### Source material
§
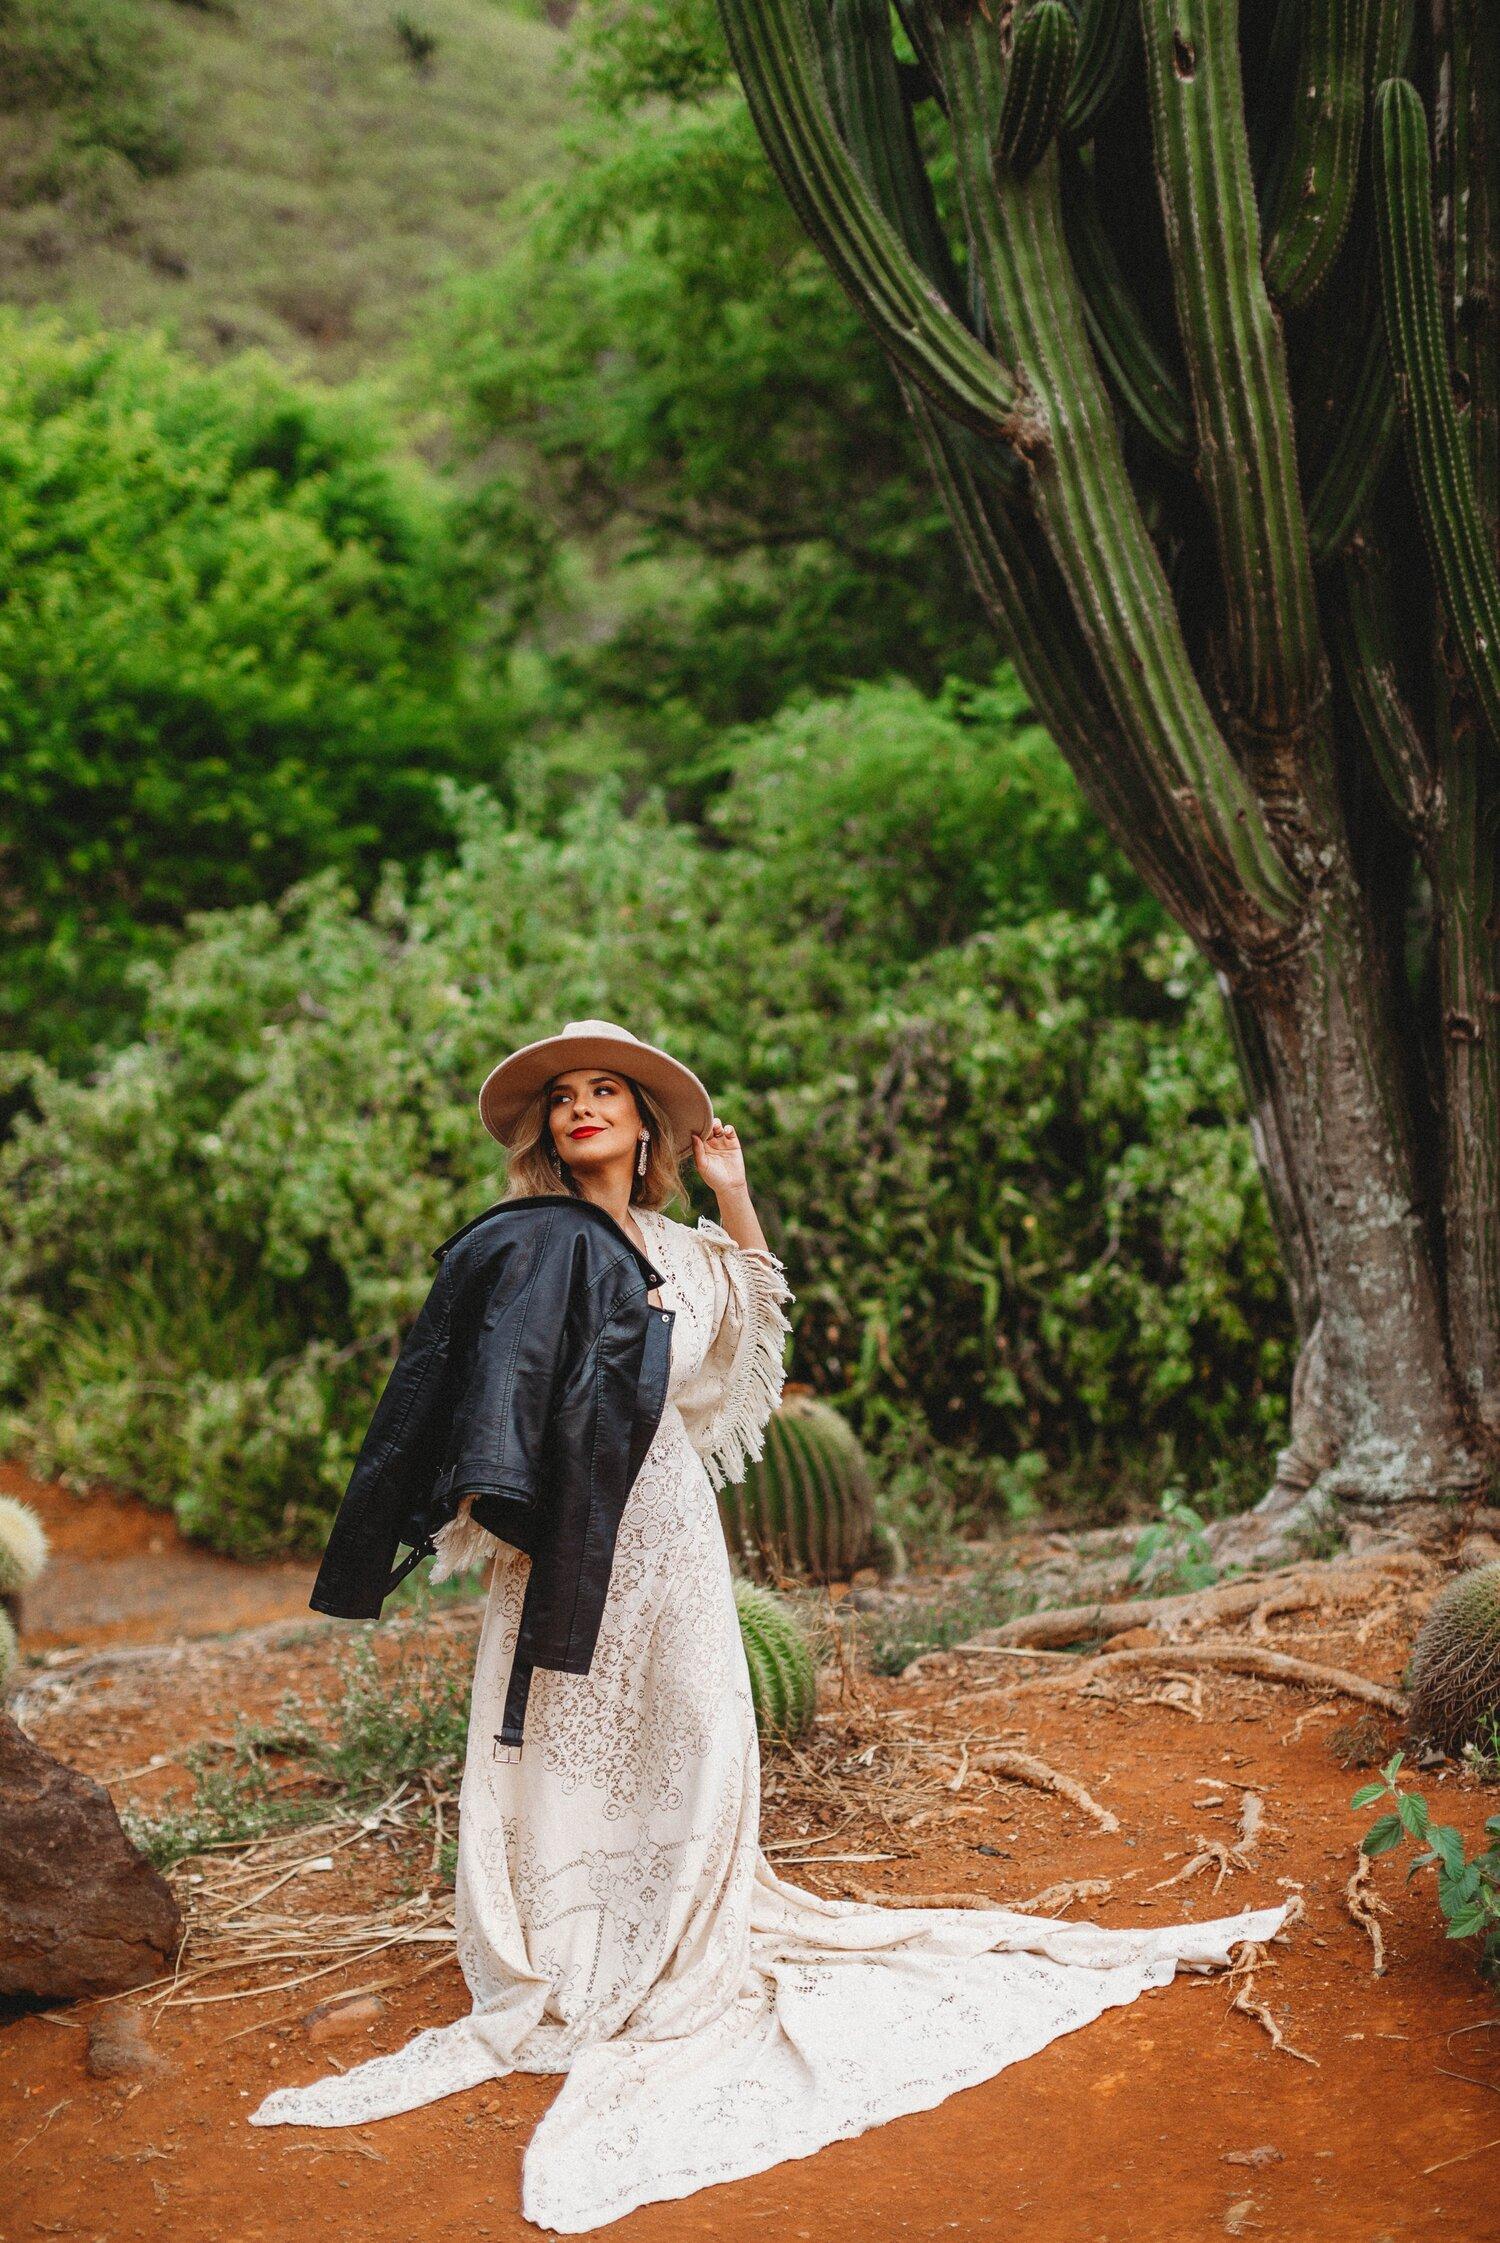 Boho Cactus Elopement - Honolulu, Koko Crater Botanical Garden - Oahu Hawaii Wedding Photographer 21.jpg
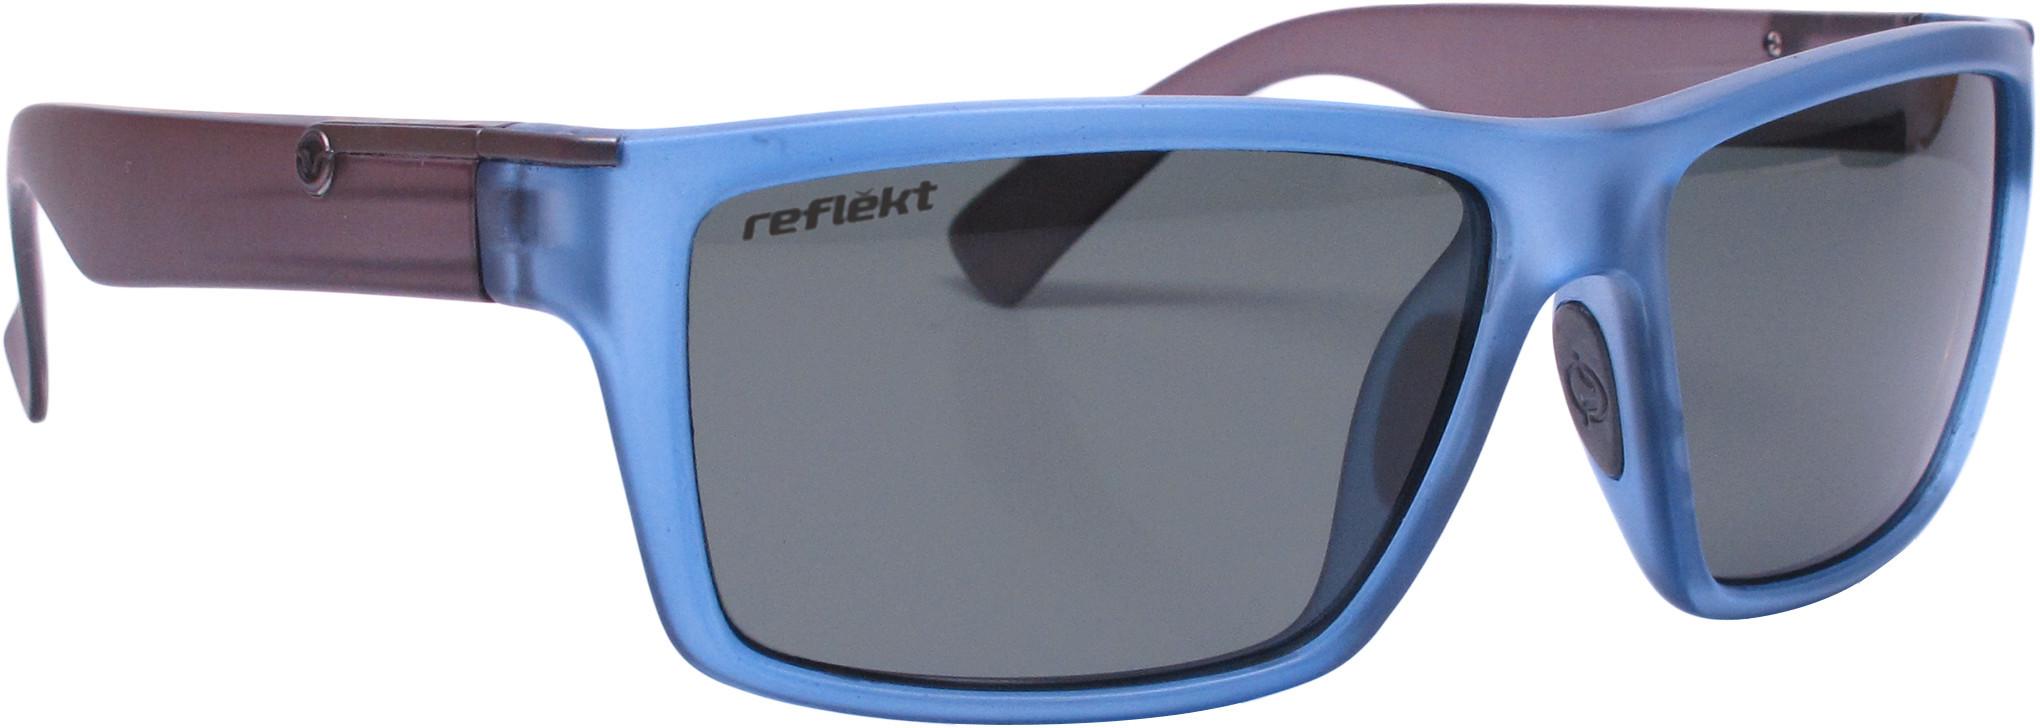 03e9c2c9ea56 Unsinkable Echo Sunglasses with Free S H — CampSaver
§
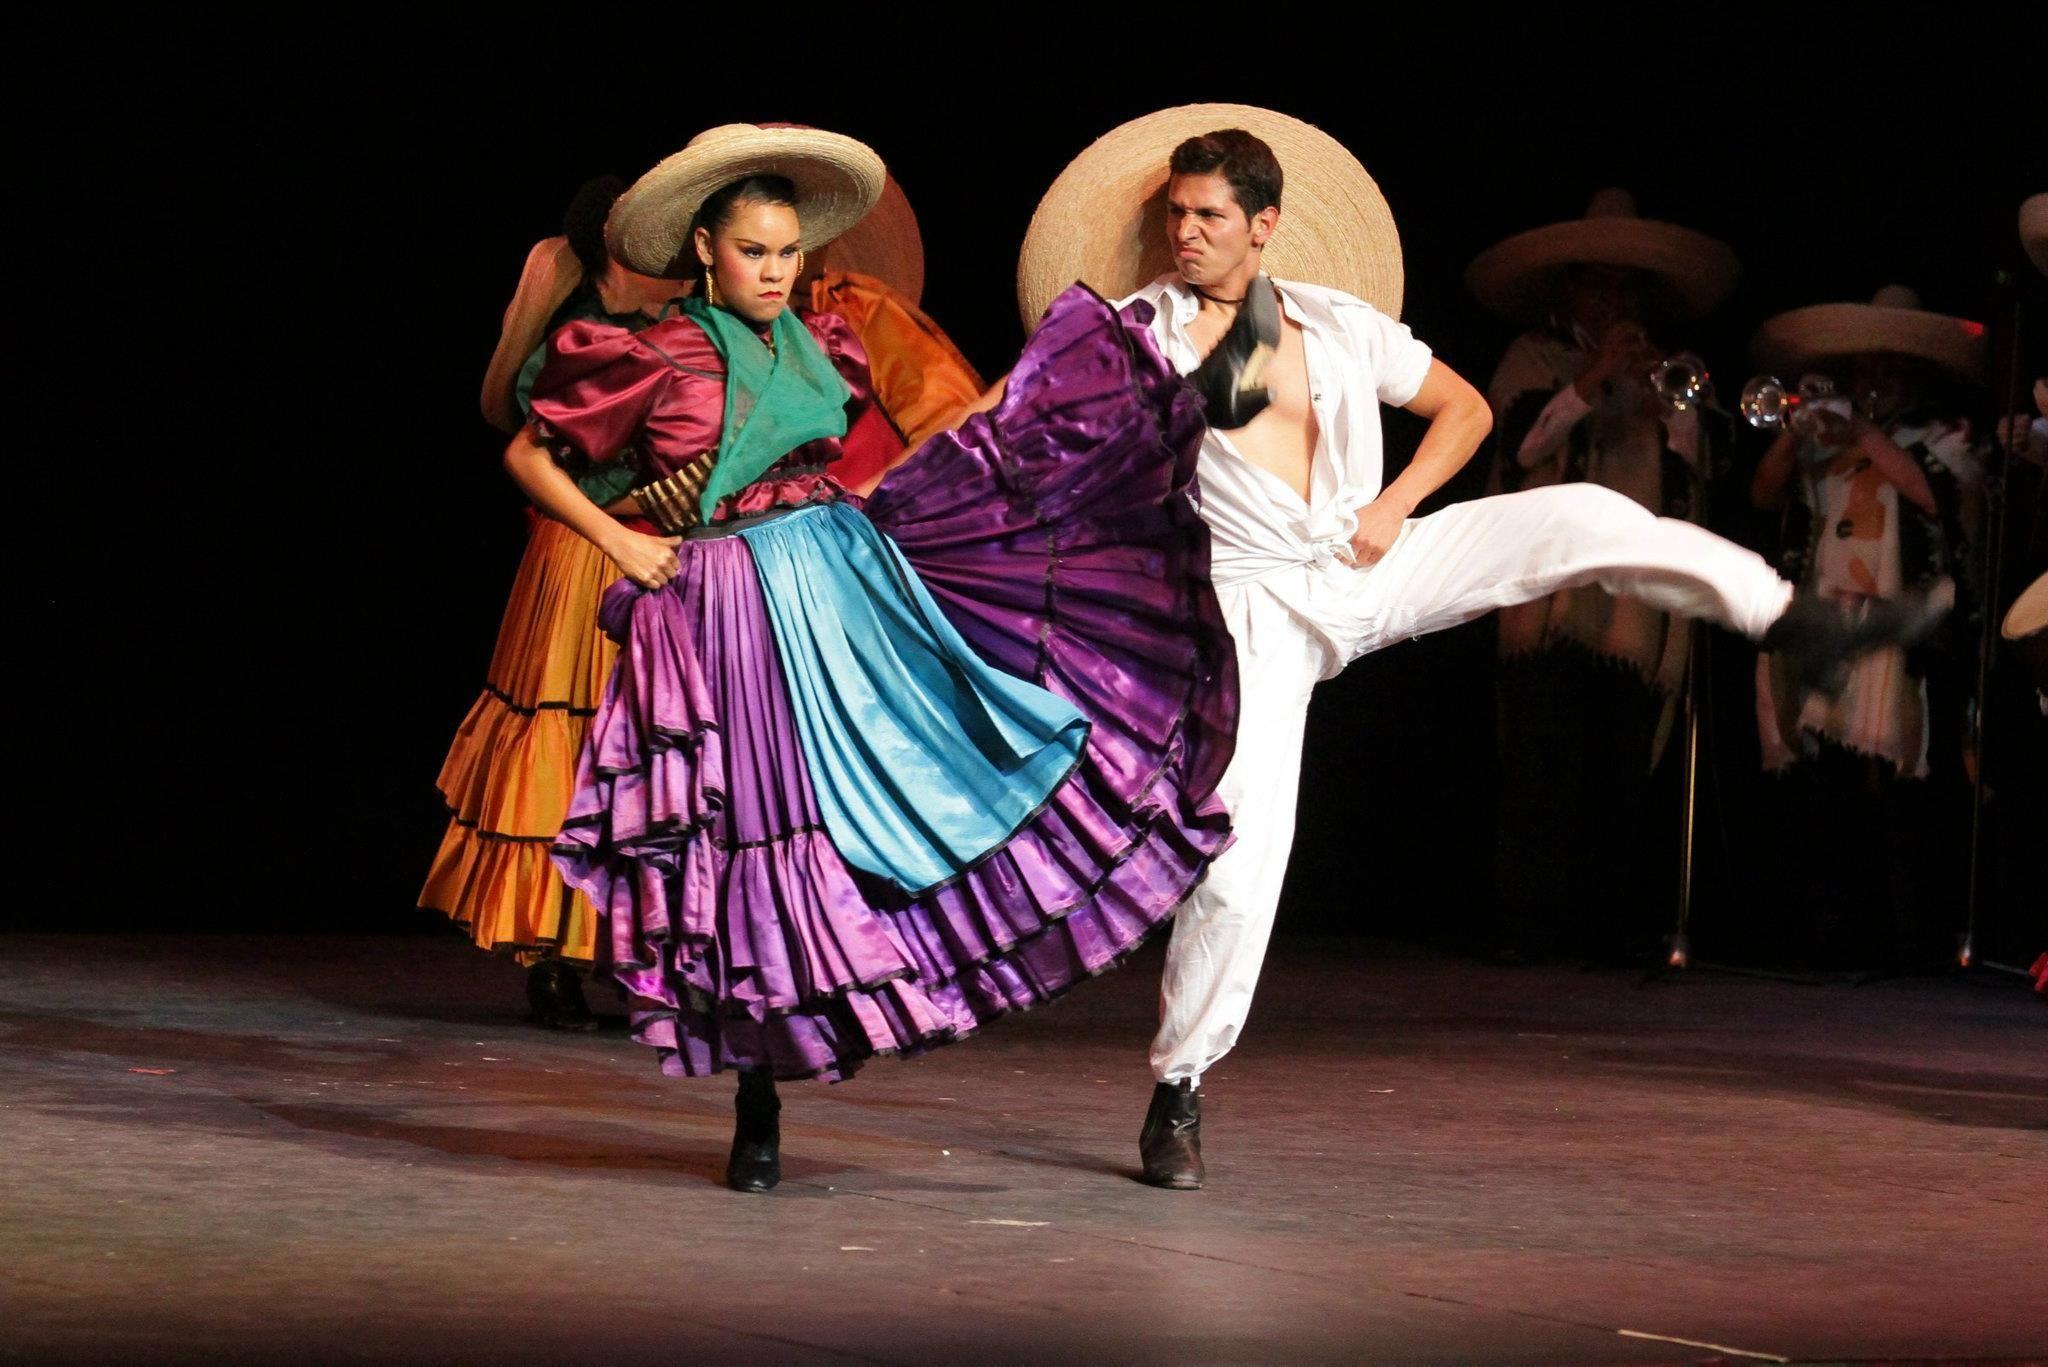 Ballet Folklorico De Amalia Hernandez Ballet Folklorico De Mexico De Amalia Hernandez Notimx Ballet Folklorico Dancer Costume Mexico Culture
§
Write out the lines above from the one with "Boho Cactus Elopement" through the one with "03e9c2c9ea56 Unsinkable Echo", ends included, exactly; no picture goes in.

 Boho Cactus Elopement - Honolulu, Koko Crater Botanical Garden - Oahu Hawaii Wedding Photographer 21.jpg
 03e9c2c9ea56 Unsinkable Echo Sunglasses with Free S H — CampSaver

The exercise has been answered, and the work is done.